Le géant britannique du luxe Burberry a annoncé mercredi une perte nette de 75 millions de livres pour son exercice annuel clos fin mars, contre un bénéfice de 270 millions un an plus tôt. En pleine tourmente, la maison centenaire déclenche un nouveau plan d’économies à hauteur de 60 millions de livres d’ici 2027, qui pourrait entraîner la suppression de 1 700 postes à travers le monde, soit près de 18 % de ses effectifs.
Malgré une tentative de redressement entamée fin 2024, les résultats publiés confirment les difficultés persistantes du groupe. Burberry, emblème du raffinement britannique, souffre d’une baisse de la demande mondiale pour les produits haut de gamme, particulièrement en Chine, marché stratégique pour le secteur du luxe. Les tensions géopolitiques et les nouvelles barrières douanières aux États-Unis, notamment annoncées par Donald Trump, viennent aggraver la situation du groupe qui espérait compenser la faiblesse asiatique par une relance américaine.
Le recentrage stratégique opéré fin 2024 sur les pièces emblématiques comme le trench-coat semble insuffisant pour inverser durablement la tendance. Si une « amélioration significative des ventes au détail » est observée selon le groupe, le chemin de la reprise reste incertain. « Nous n’en sommes qu’aux débuts de notre redressement », a reconnu le directeur général Joshua Schulman, successeur de Jonathan Akeroyd, qui avait quitté ses fonctions en juillet 2024 après avoir renoncé à sa prime annuelle.
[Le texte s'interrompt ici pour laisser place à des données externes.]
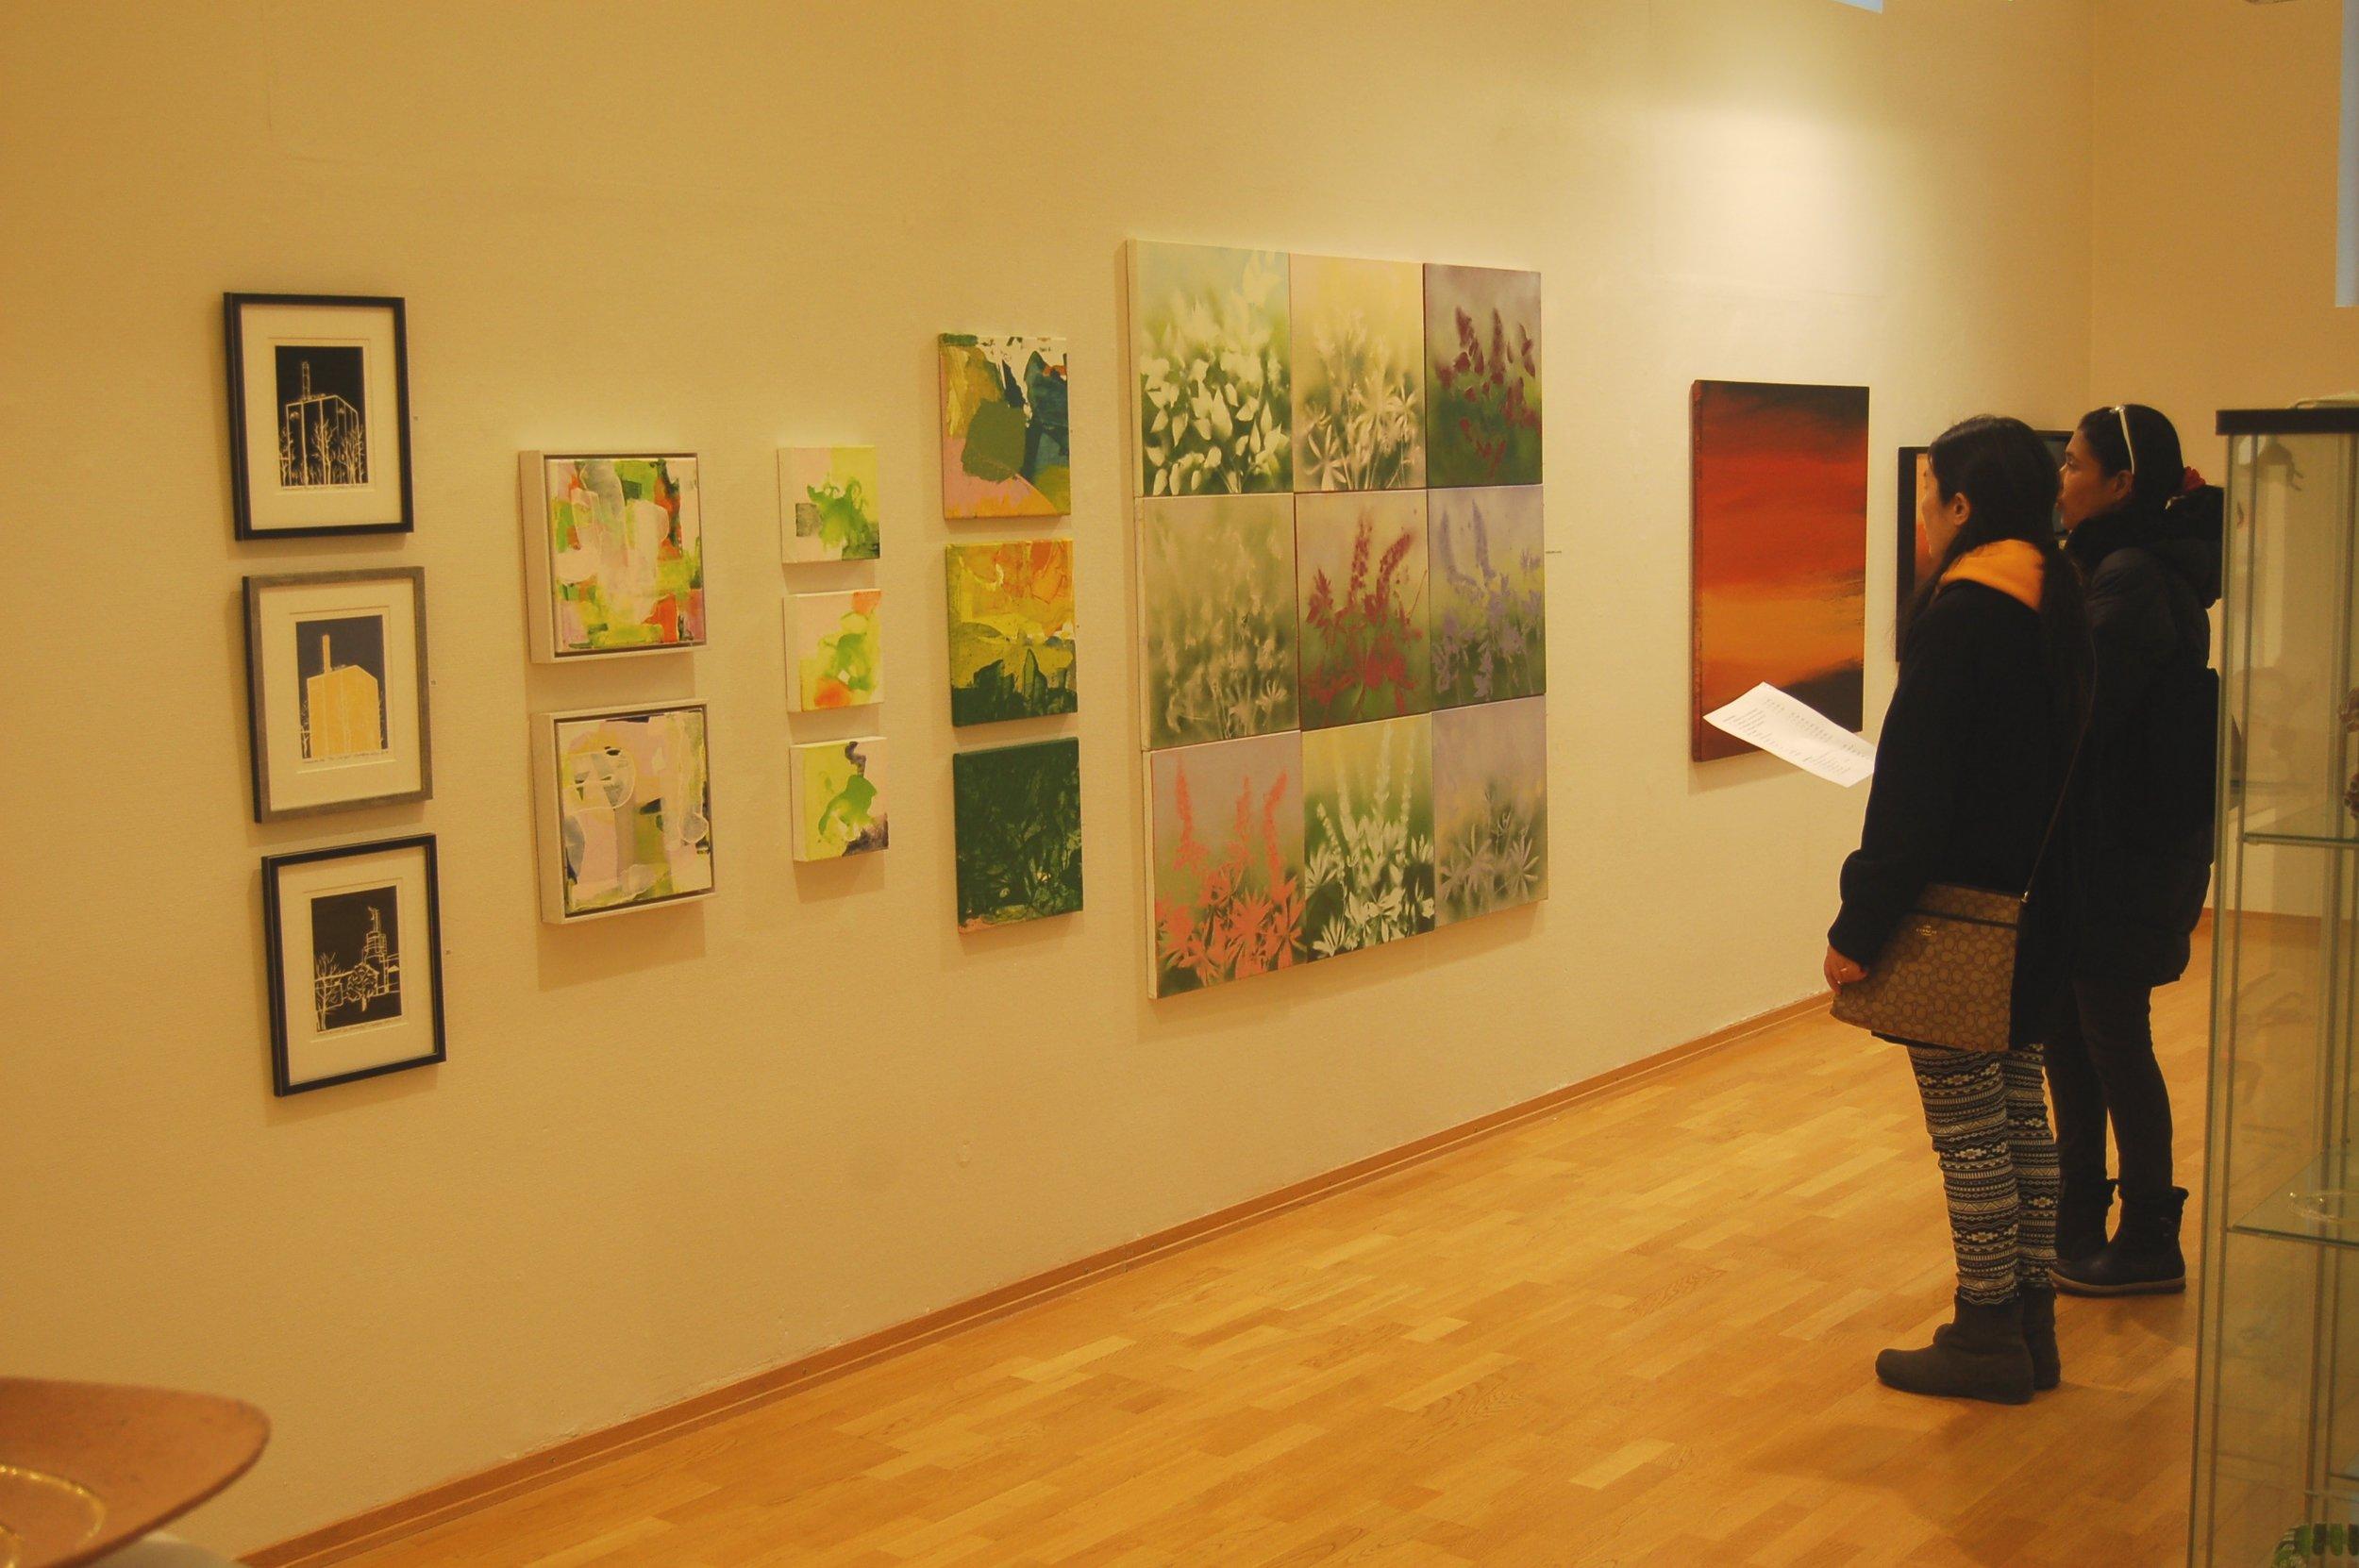 Moss kunstforening 24/11 - 16/12 2018
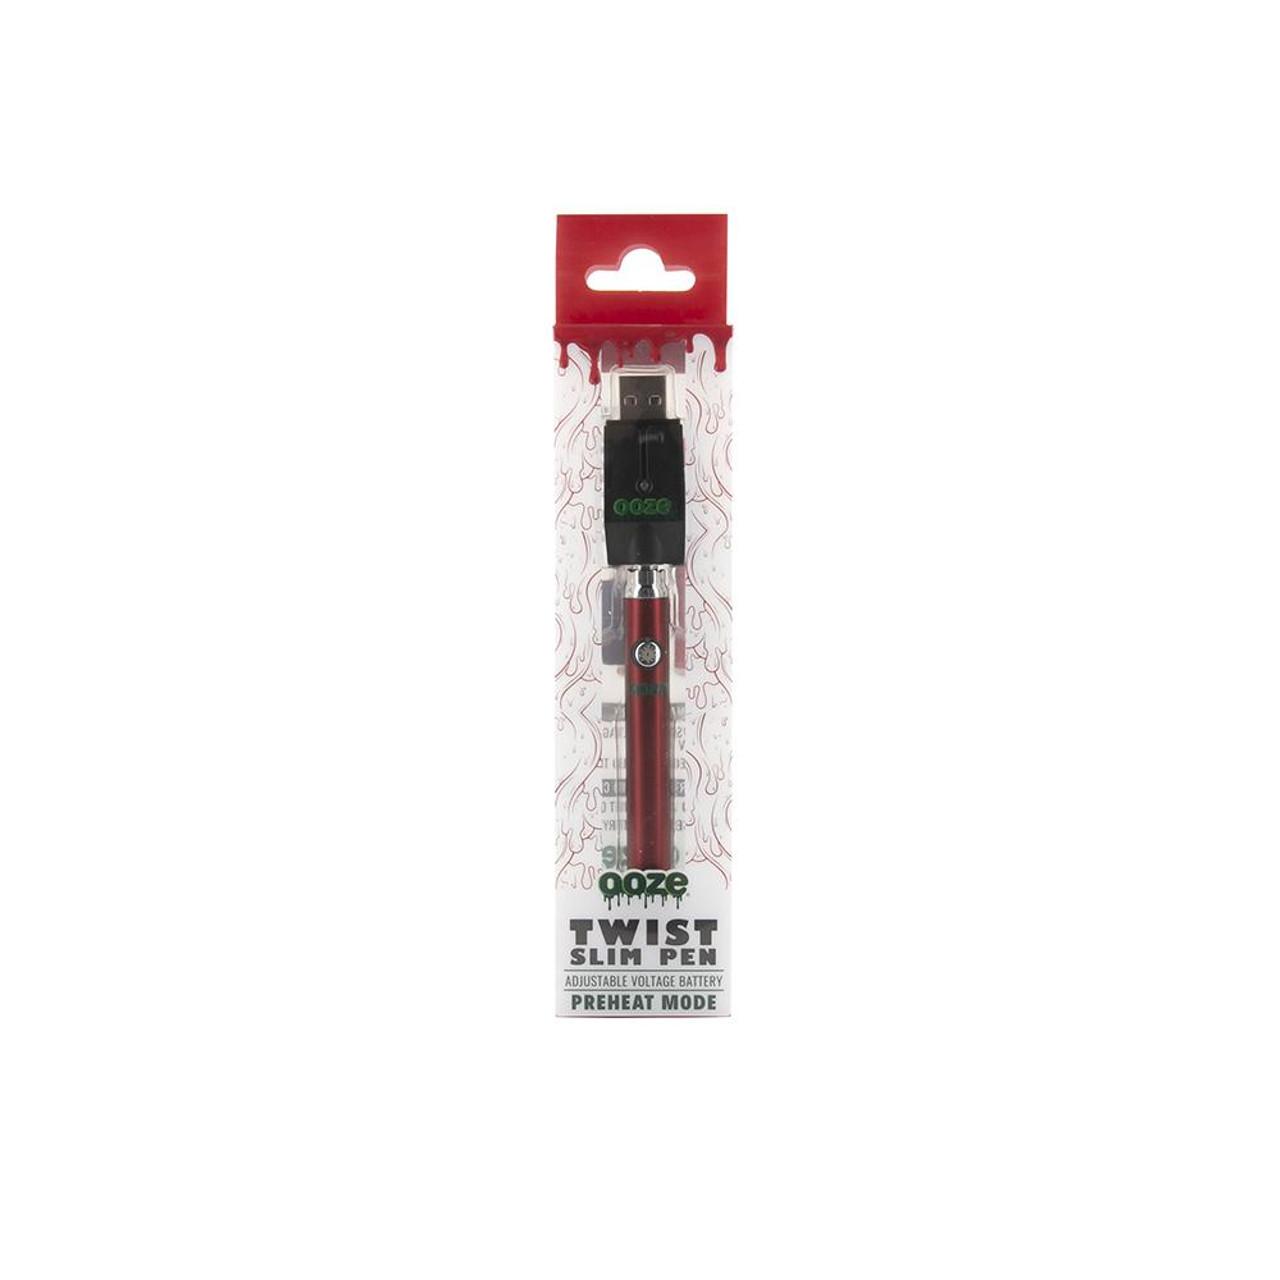 Ooze Slim Pen Twist Battery w/USB Charger cheap vaporizer vape pen Vaporizer wholesale wholesale vape UNS Wholesale Smoke Shop Distributor Head Shop Novelty Supplies Wholesale

Déjà rétrogradée du prestigieux indice boursier FTSE 100 à l’automne dernier, la marque britannique voit sa capitalisation continuer de s’éroder. Le nouveau plan d’économie vient s’ajouter à celui de 40 millions de livres annoncé précédemment, portant les efforts d’ajustement à 100 millions de livres d’ici deux ans. Burberry mise sur la résilience de ses catégories historiques pour retrouver sa place dans un secteur du luxe bousculé par l’inflation, l’incertitude économique mondiale et l’évolution des goûts des consommateurs.